Presiden Biden baru-baru ini mengusulkan tiga langkah untuk memperbaiki pengadilan. Yang pertama, meskipun merupakan amandemen konstitusi, akan membatalkan keputusan pengadilan yang anti-demokrasi dalam kasus Trump v. Amerika Serikat, yang memberikan presiden kekebalan luas dari tuntutan pidana atas tindakannya saat menjabat. Amandemen tersebut pertama-tama memerlukan dua pertiga suara mayoritas di kedua majelis Kongres dan kemudian diratifikasi oleh tiga perempat negara bagian. Hal ini tidak mungkin terjadi mengingat sifat politik saat ini yang bersifat memecah-belah.
Proposal kedua akan memberikan batasan masa jabatan yang berbeda-beda, dengan masing-masing hakim akan menjalani masa jabatan selama 18 tahun, bukan masa jabatan seumur hidup yang berlaku saat ini. Meskipun menurut saya ini adalah ide yang bagus, terdapat perbedaan pendapat mengenai apakah reformasi ini juga memerlukan amandemen konstitusi untuk diterapkan. Tidak terjadi.
Proposal reformasi ketiga Biden sangat masuk akal dan akan berhasil dalam keadaan normal – ini adalah kode etik yang dapat ditegakkan oleh Mahkamah Agung AS dan disahkan oleh Kongres.

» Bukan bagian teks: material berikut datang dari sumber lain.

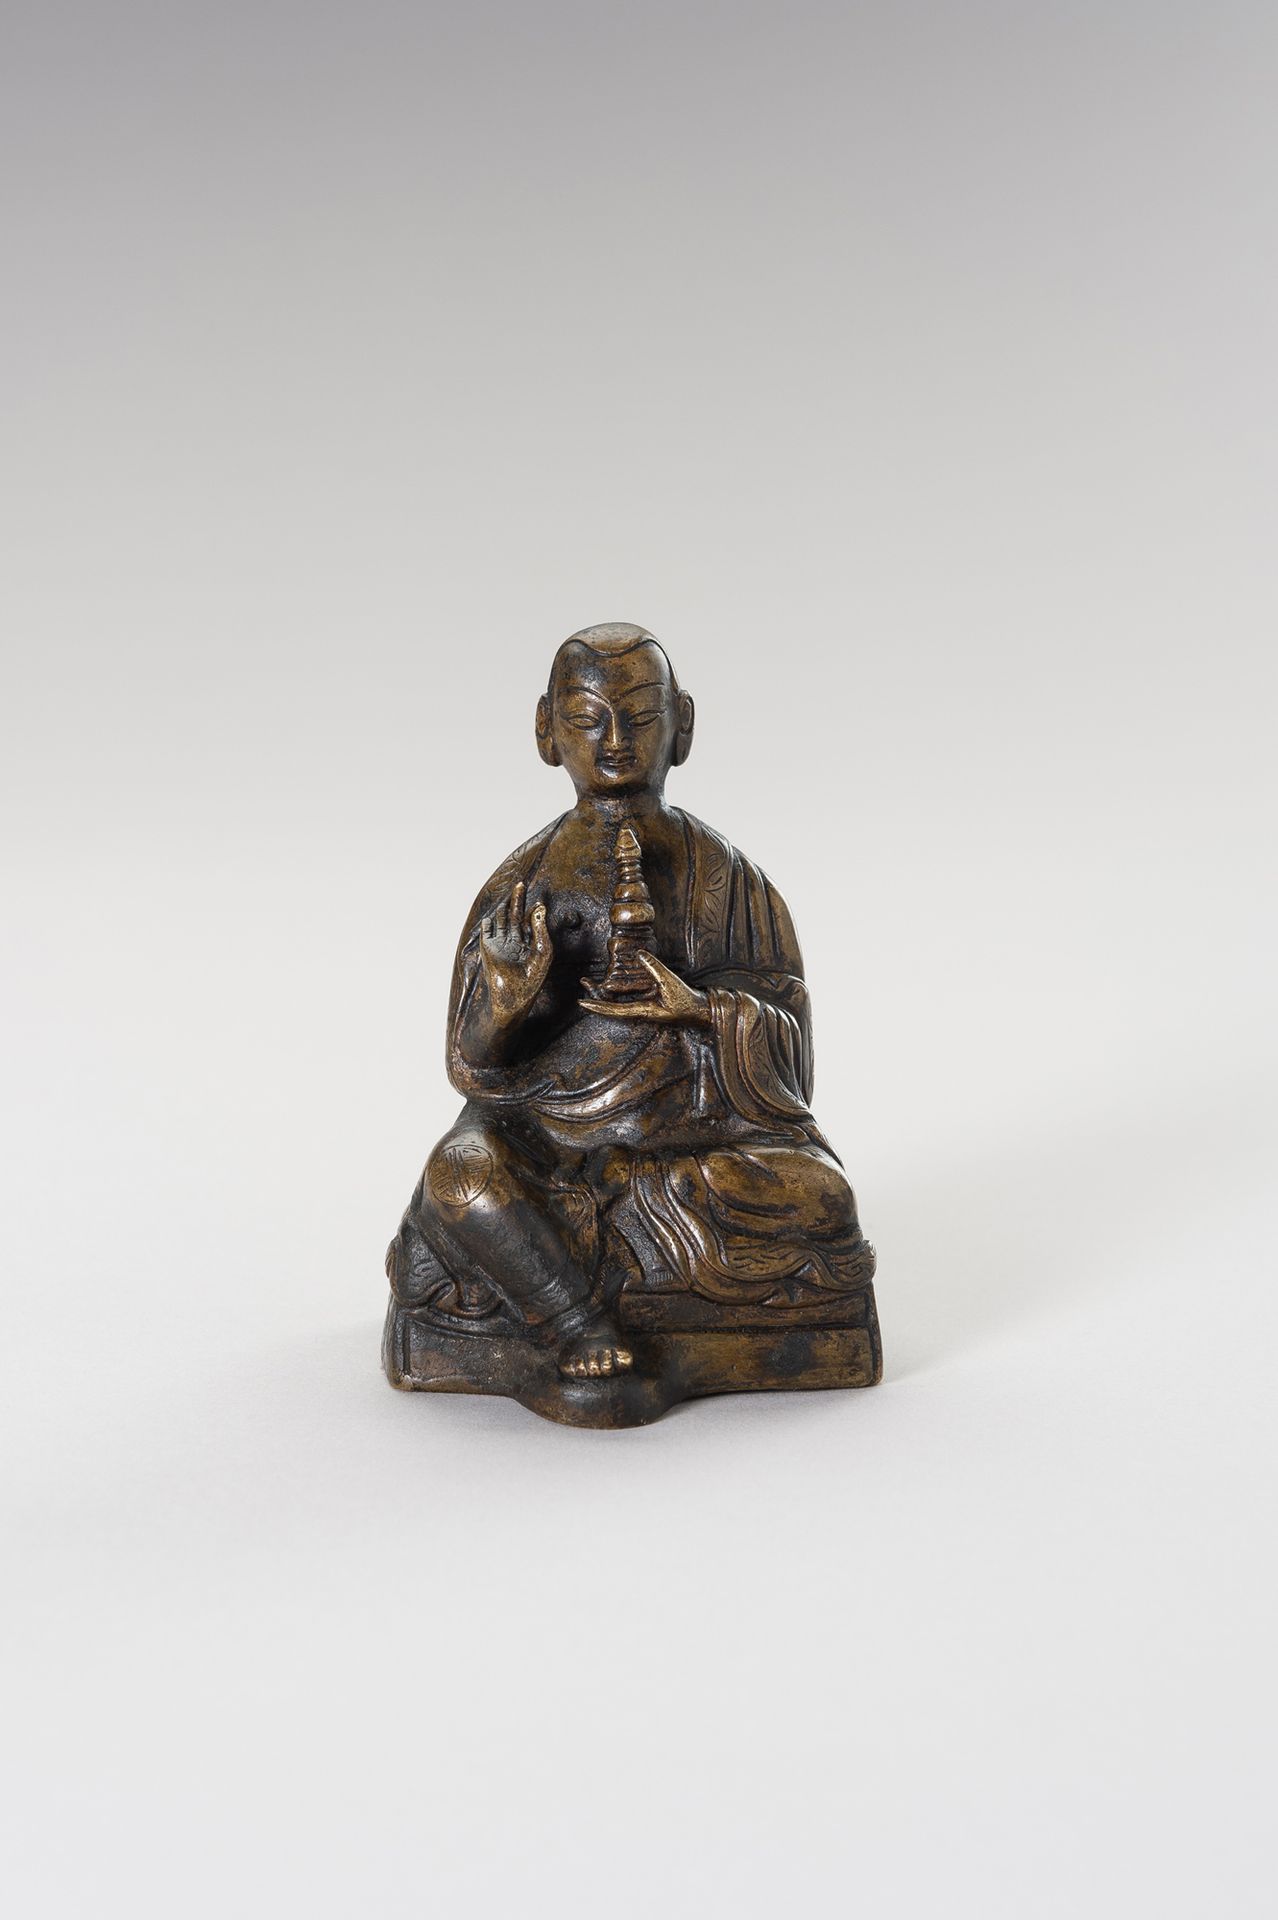 A Bronze figure of a Lama A BRONZE FIGURE OF A LAMA
Tibet, 19th century. Seated &hellip;

Saat ini, karena kode etik yang berlaku saat ini bersifat sukarela, tidak ada tindakan yang dapat diambil terhadap hakim yang sedang bertugas selain untuk pelanggaran yang dapat dimakzulkan. Amy Davidson Sorkin menulis di kolom New Yorker, “Misalnya, aturan etika yang valid mungkin mengizinkan hakim agung memaksa hakim untuk mengundurkan diri karena konflik kepentingan (misalnya, jika pasangan benar-benar bekerja) dan kelompok advokasi) atau memperketat aturan pemberian hadiah (masalah yang dihadapi Clarence Thomas dkk.). Singkatnya, hal ini mungkin membuat pengadilan terlihat kurang teduh dan lebih sah, namun hal ini tidak akan mengubah strukturnya, atau tentu saja mengubah dinamika ideologisnya.
Partai Republik telah menegaskan bahwa menciptakan “kode etik” moral bagi Mahkamah Agung adalah hal yang “mati”. Demikian kata-kata Ketua DPR MAGA Mike Johnson. Kamala Harris mengatakan dia mendukung usulan Presiden Biden. Jadi, dengan terpilihnya Donald Trump, kecil kemungkinan reformasi etika di Mahkamah Agung akan terjadi.
Irwin Stoolmacher adalah presiden Stoolmacher Consulting Group, sebuah firma penggalangan dana dan perencanaan strategis yang bekerja dengan organisasi nirlaba yang melayani mereka yang benar-benar membutuhkannya.